The Inkwell

“Write hard and clear about what hurts.” -Ernest Hemingway

As a small child I was encumbered with vivid and reoccurring nightmares. One nightmare in particular would become an ominous foreshadowing of my future. I can remember it starting around five or six years of age but perhaps it was always lurking.

My childhood bedroom was quite large and perfectly replicated to the tiniest detail in my dreams. I would stand at it’s center, small. The once sun filled space, with soft pink walls, would begin to seep itself in thick, black paint. The ceiling and walls would pour of themselves an inescapable black tar. I would stand there terror struck as the floor filled and the black tide rose.

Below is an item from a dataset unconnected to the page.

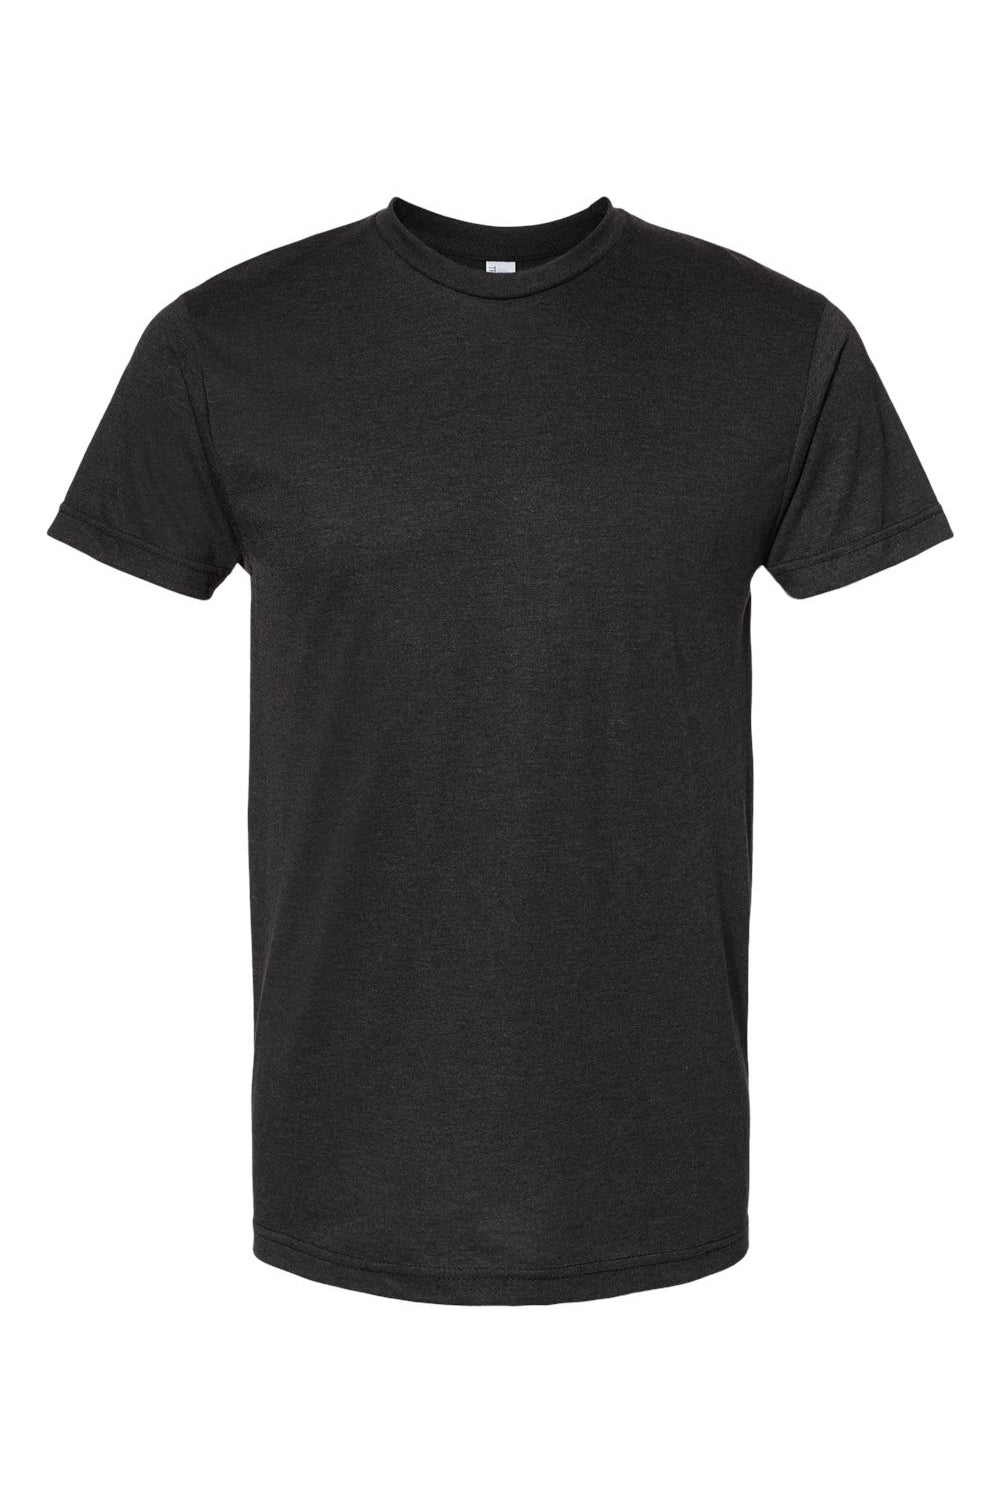 Bayside 5710 Mens USA Made Short Sleeve Crewneck T-Shirt Black Flat Front

I was unable to swim or break free of the heavy swell. Horrified I stood in the center becoming completely enveloped. The long and narrow windows that once let sunbeams stream through were overtaken. Even though I was only a small child and to a varying degree understood each time it was only a nightmare, I knew, this was the end.

I drowned over and over again until the nightmare faded with age.

For over 25 years I have sought out ways to purge myself of the murky sea that wanted to swallow me whole. Depression was never a black cloud hanging over my head. Depression was never a cloud, that from underneath an umbrella, you could seek refuge. It was an isolated room that held no light or escape. It was a dark, weighted thing that filled my lungs with every breath.

These days I choose to see the nightmare in a new perspective. I am no longer engulfed by an unknown and vile liquid. I am sitting at the bottom of the inkwell. As the words pour from my fingertips the tide shall lower.